From top to bottom, retype the data exactly, passing over any picture.

(Beginning of INFORMATION SHOWN)

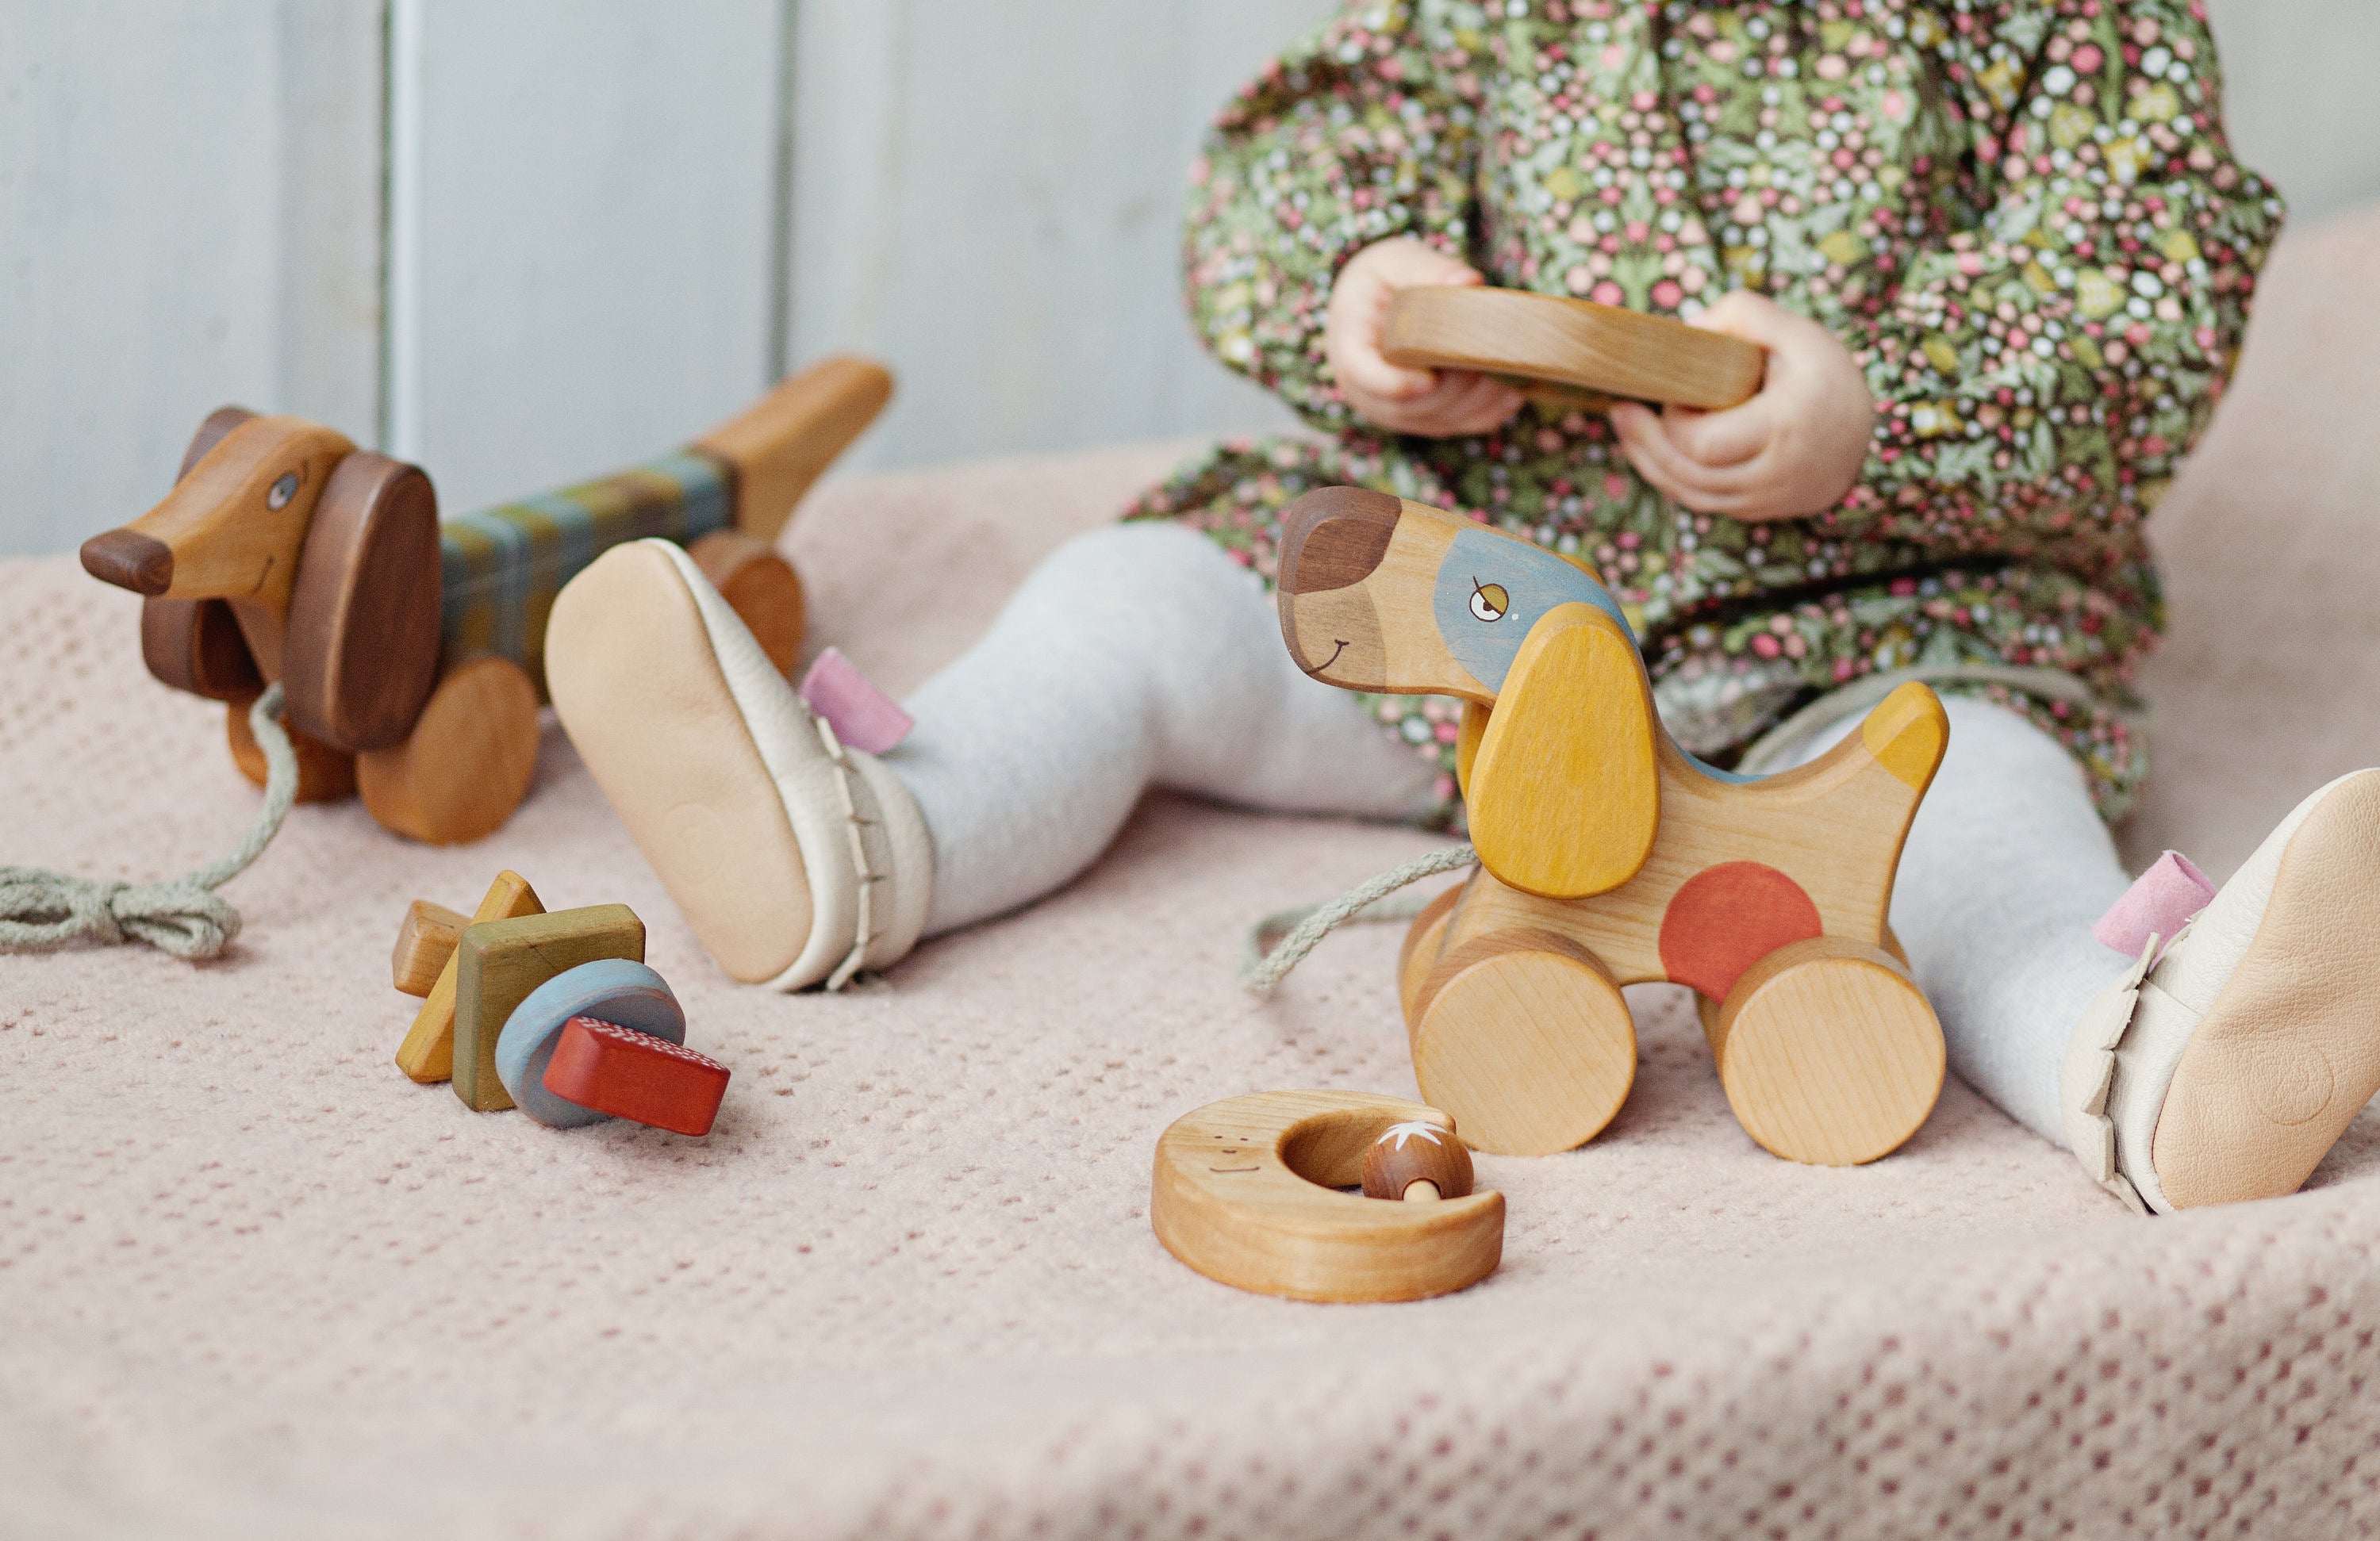 Top 5 Educational Toys in Dubai: Enhancing Learning Through Play
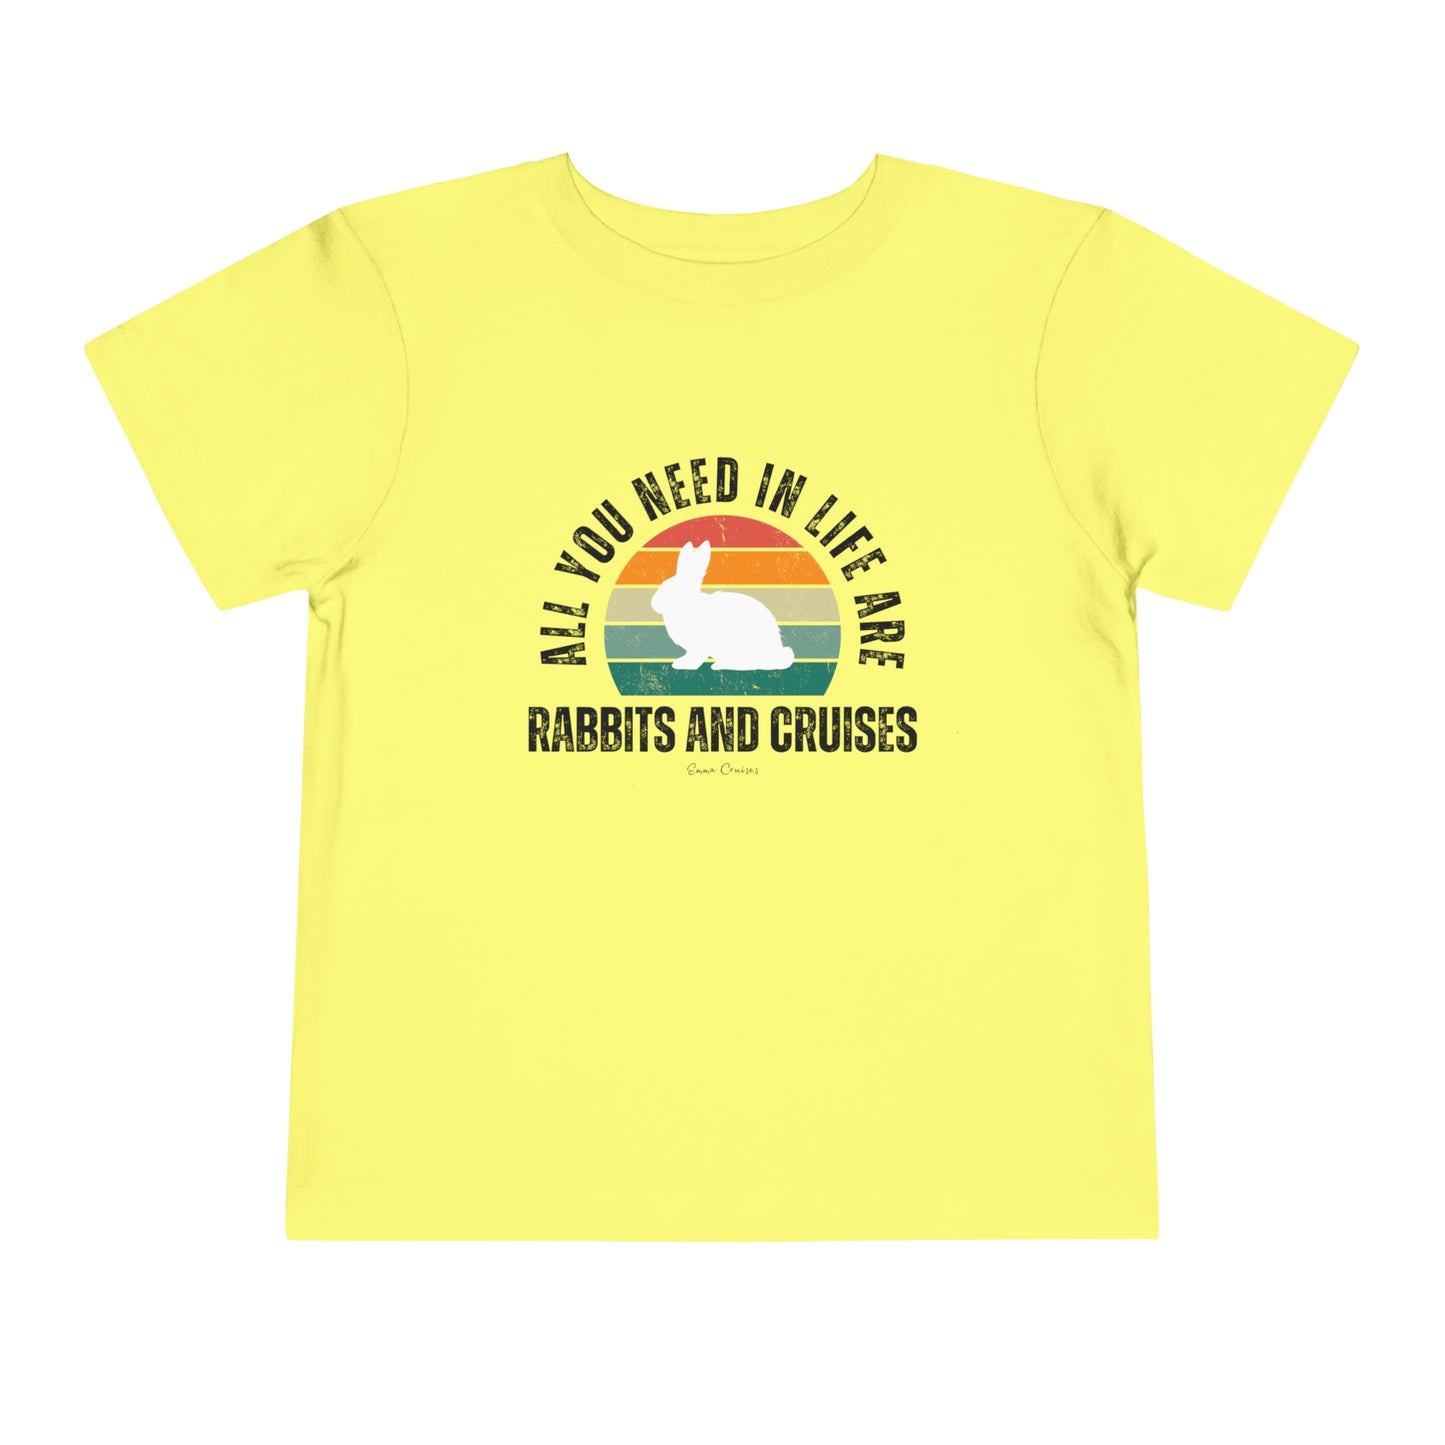 Rabbits and Cruises - Toddler UNISEX T-Shirt
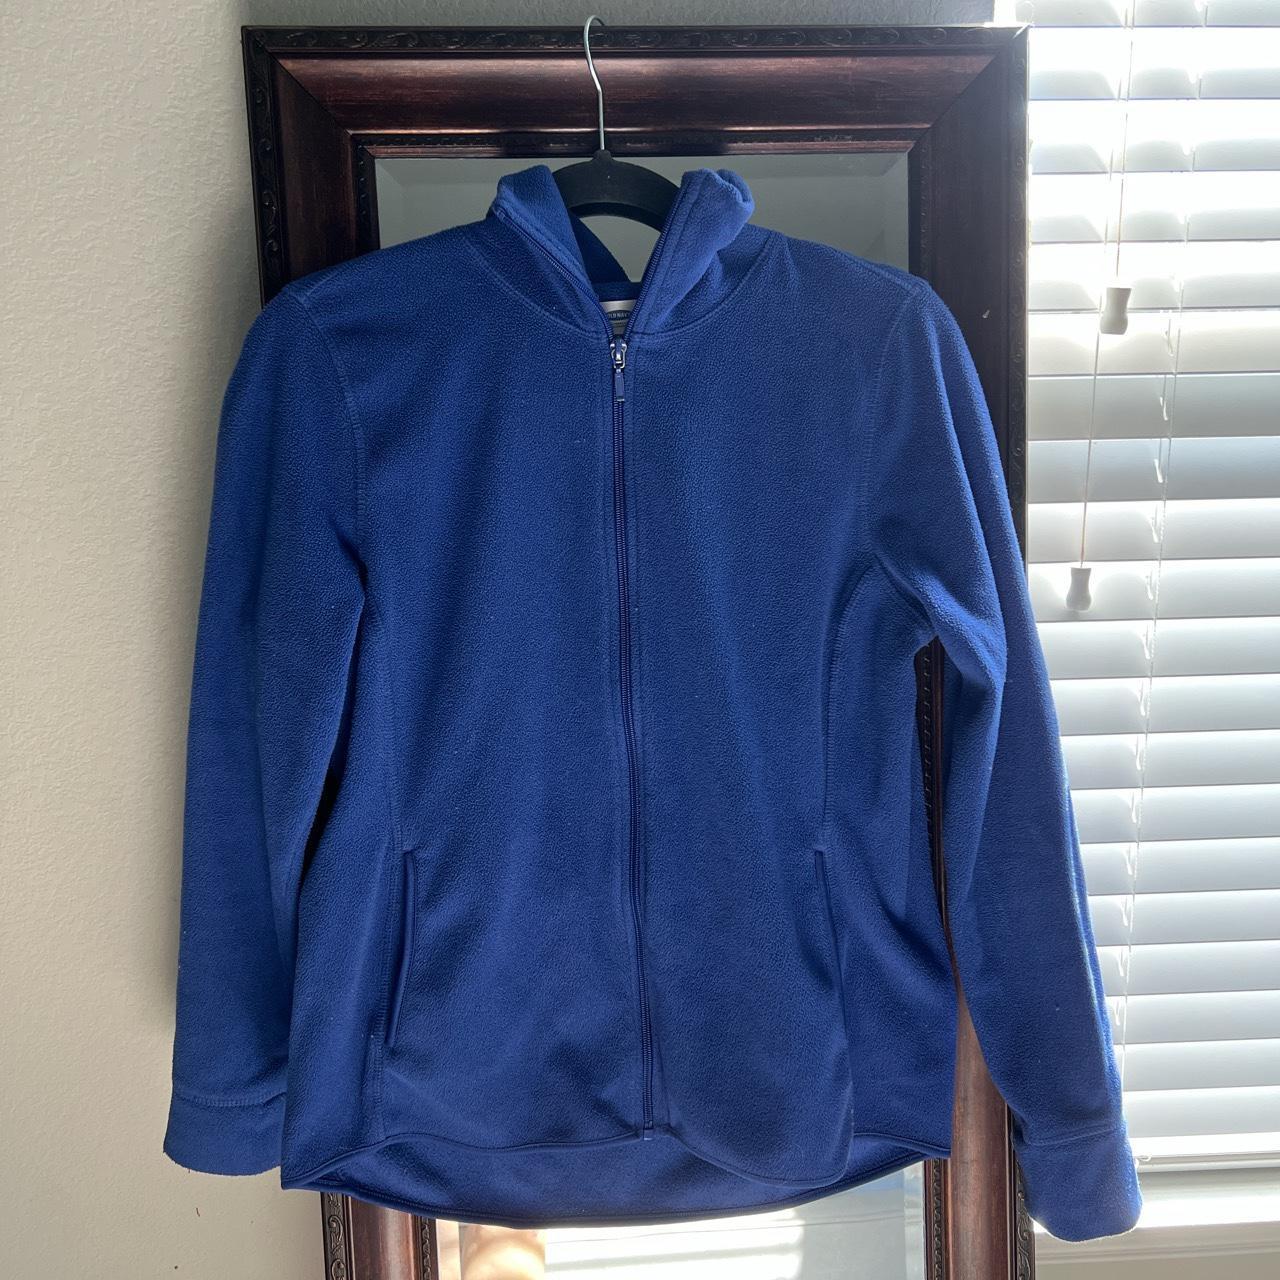 Blue full-zip thick fleece jacket from Old Navy in... - Depop

(End of INFORMATION SHOWN)

=== YOUR SOLUTION ===
 Top 5 Educational Toys in Dubai: Enhancing Learning Through Play
 Rabbits and Cruises - Toddler UNISEX T-Shirt
 Blue full-zip thick fleece jacket from Old Navy in... - Depop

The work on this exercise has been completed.